# Music Player for the Galaxy Nexus



## guod (Dec 21, 2011)

Long time lurker here, but first time poster at rootz.

I was looking forward to using the ICS stock music player, but for some reason the latest google music player does not work well with my bluetooth stereo. I cannot pause music via the controls, i can only play. It also does not support avrcp 1.3/1.4, which is strange since google music from the market DID on my droid x.

I have tried getting poweramp, but i have had my phone restart 3 times since installing it and have now uninstalled it.

I tried downloading winamp, but with the bluetooth controls enabled in the app, the stock music player overrides it and and it seems like winamp needs to be updated for ICS.

Playerpro's settings do not work in ICS and I cannot even get to the menu to enable music controls.

Does anyone have a solution for this? It is strange, as I thought google would have sorted this out by now.


----------



## androidphan88 (Jun 15, 2011)

I assume you are trying to use the controls on your music player not the phone itself? if so which one is it?


----------



## guod (Dec 21, 2011)

androidphan88 said:


> I assume you are trying to use the controls on your music player not the phone itself? if so which one is it?

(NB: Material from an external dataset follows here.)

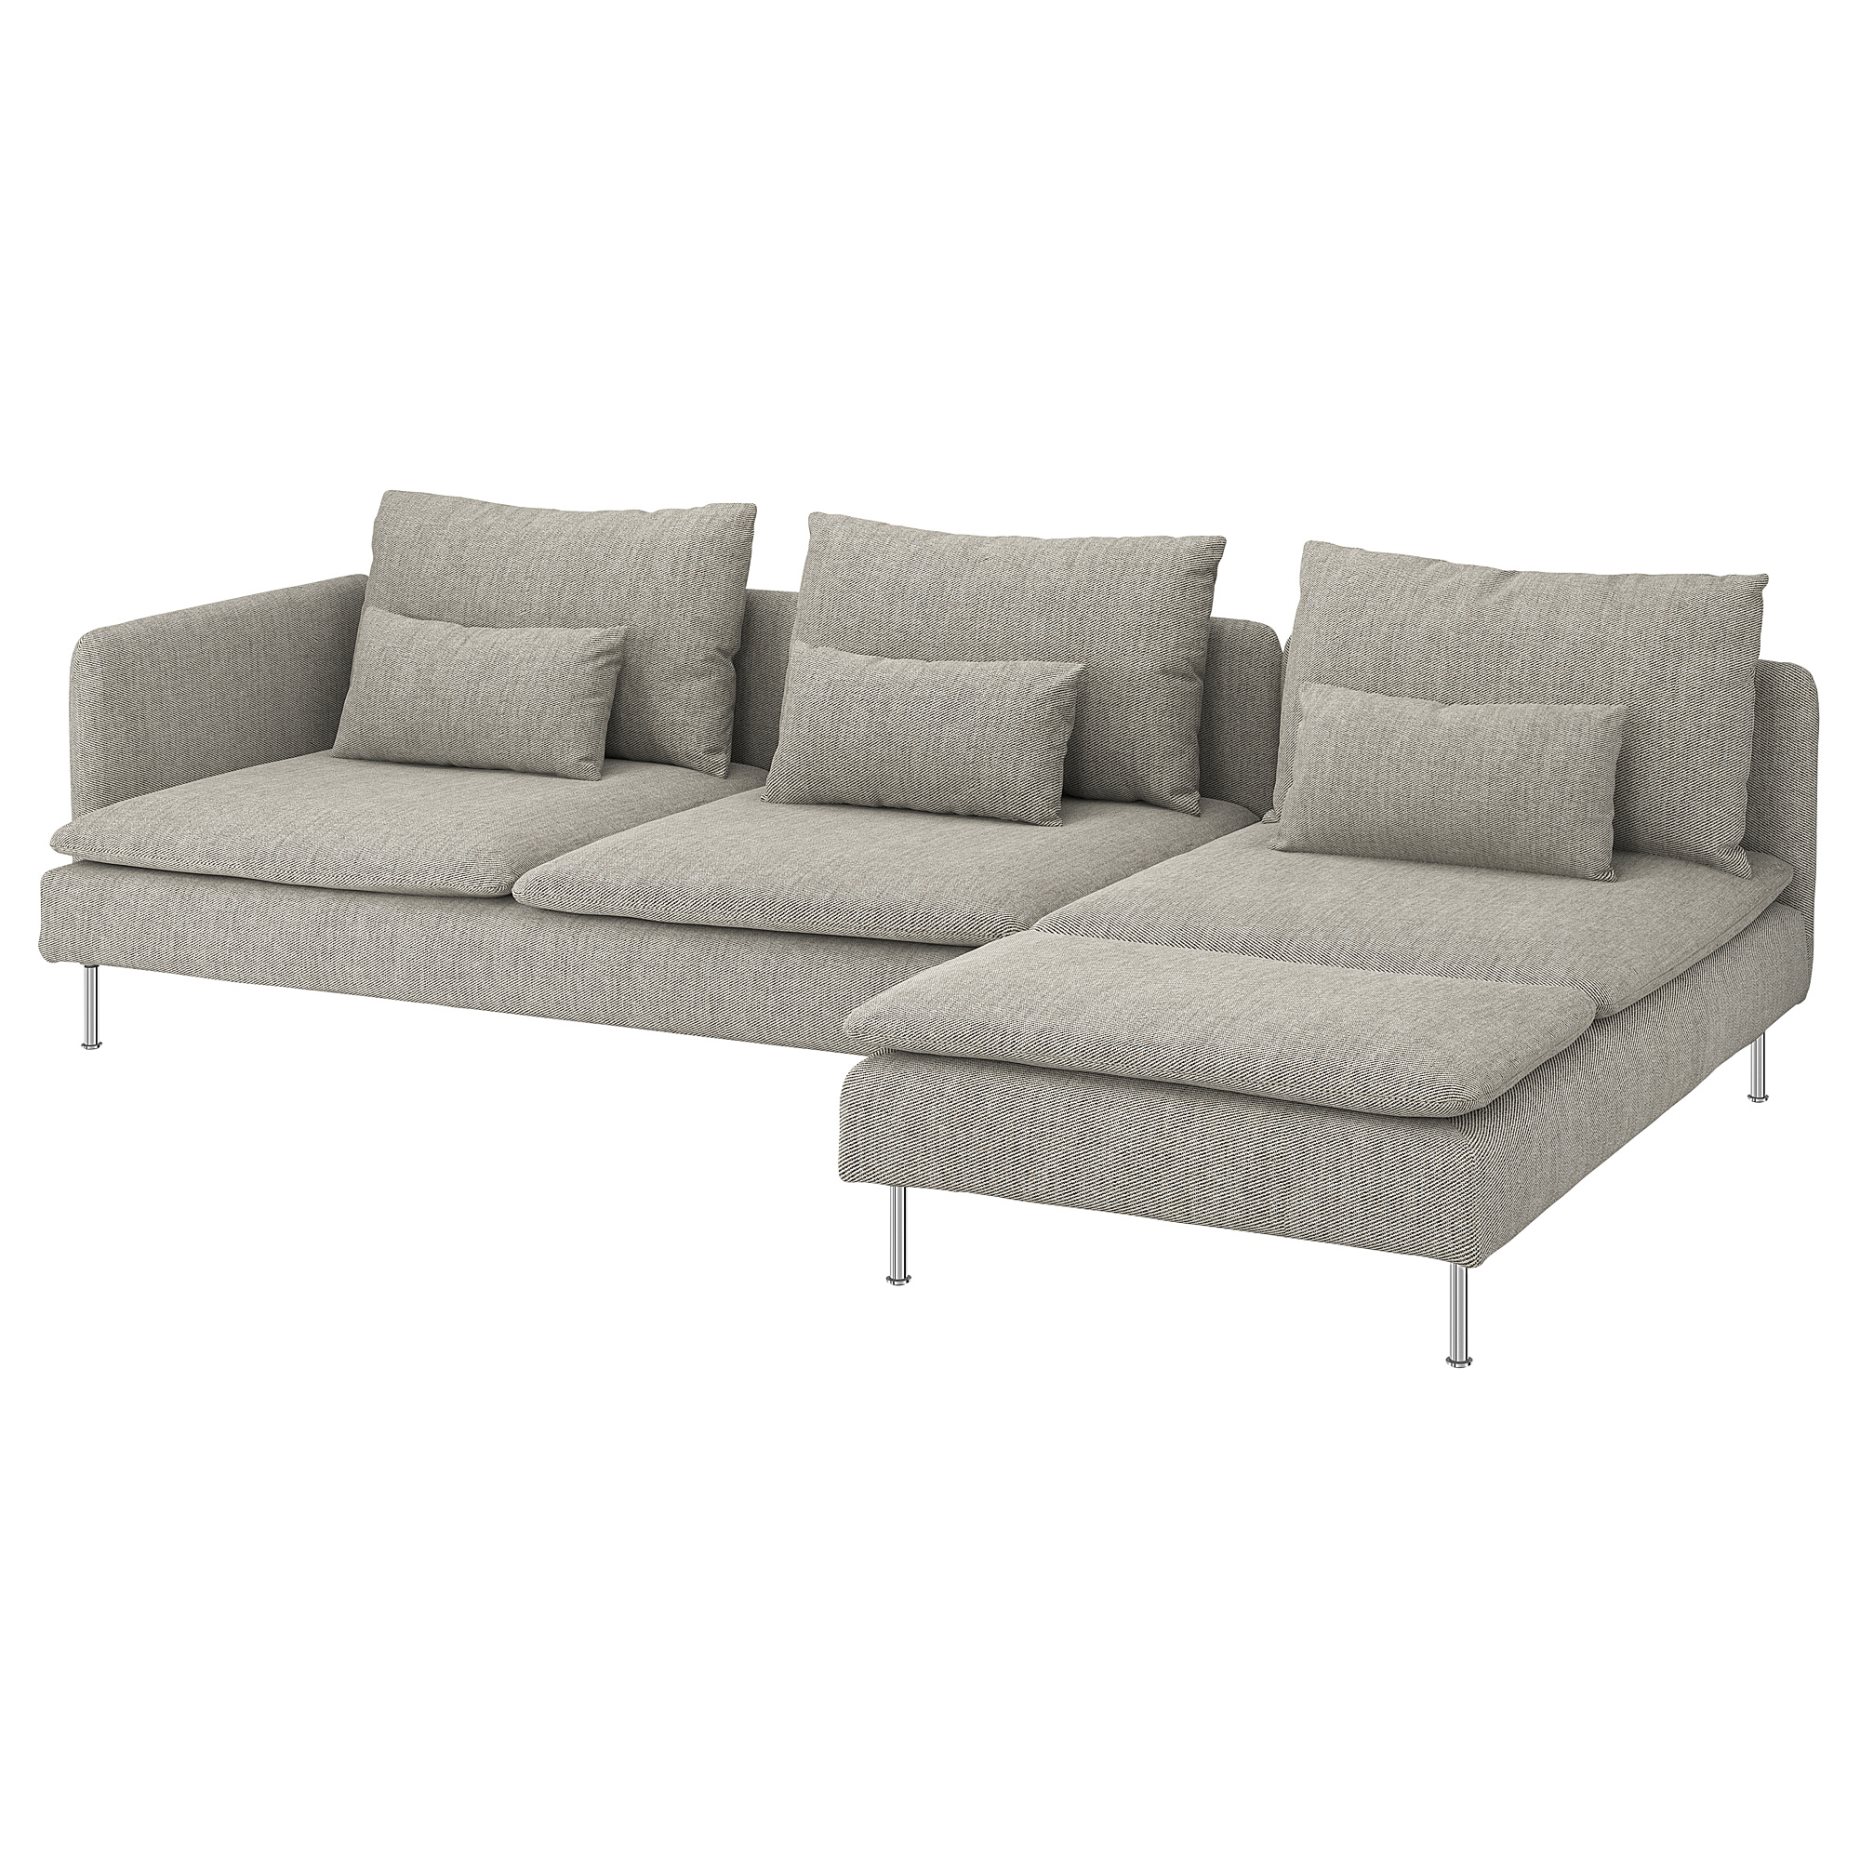 SÖDERHAMN, 4-seat sofa with chaise longue and open end, 293.058.16

yeah, i am trying to use the controls on my car's head unit. With my thunderbold, droid x, bionic and droid I was always good to go with any of the music apps. I a little sad to see ICS is not working well in this regard. I know it is a very niche feature, but it is a big deal, at least for me.


----------



## Blunderbuss (Aug 24, 2011)

I use DoubleTwist, but I have no idea if it will help you here- give it a shot?


----------